Master, lead your Hunt tonight
Bathed in the Lady's silver light
Earth, Air, Fire and Water
Ride in Your train Rudi whistled rather than sang as they rode; it was a hymn to the Horned Lord, so it might not be too tactful to use the verses here where they followed a face of God they thought jealous. Mathilda, who didn't know the words, whistled along with him as she caught the tune; Delia, who did, joined in. Then they all started to do counterpoint, topping each other until they were laughing too hard to go on.
It was easy to laugh, on a bright morning like this, with the sun breaking off on polished metal and bright on dyed cloth as pennants snapped, and he had a good little Arab under him-though nothing like Epona of course-one of a pair Mathilda's mother had brought out last week in a brief whirlwind visit:
Matti's still happy with it, he thought. And I miss Mom and home so much. He squared his shoulders. Well, you're a warrior of the Clan. Act like it!

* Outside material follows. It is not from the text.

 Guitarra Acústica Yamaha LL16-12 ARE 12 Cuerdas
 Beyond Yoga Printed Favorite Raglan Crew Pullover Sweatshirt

They rode northward down towards Carpenter Creek from the castle gate, along a dirt road that ran through sloping orchards of pear and peach, plum, nectarine, cherry and apple. All were in some stage of their blossom-time now, in a froth of pink and white, drenching the mild spring air until they were almost giddy with the scent and the buzzing of countless bees, and petals drifted over them like snow with every gust of wind. The crimson clover beneath the trees was in blossom too, and the grassy verges by the side of the road were thick with wildflowers, the daffodils fading but camas bright blue, chicory the darker color of the eastern sky at sunset; taller bracts of henbit reddish purple, all thick with hummingbirds and sphinx moths feeding on nectar.
Birds of all kinds swarmed, familiar friends from Dun Juniper; a red-tailed hawk watching them pass from the branch of a roadside tree, the majesty of a bald eagle wheeling high overhead, jays calling raucously from the bright new leaves of the cottonwoods and alders and bigleaf maples beside the stream, pintail ducks on the spring-swollen waters that tumbled down from the low mountains to the west:
They turned upstream, in a clopping of hooves and clink of horse harness, creaking of saddle leather and the rhythmic rustling chink of chain mail, the bright morning sun casting their long shadows ahead of them. Past the orchards the field on their left was plowed and harrowed dirt, raked every two feet with furrows where a team was planting quartered potatoes, along with dollops of fertilizer. That was familiar from home too, and the oxcart full of the seed stock and another bigger one of stable-muck, and even the cauldron bubbling over a fire.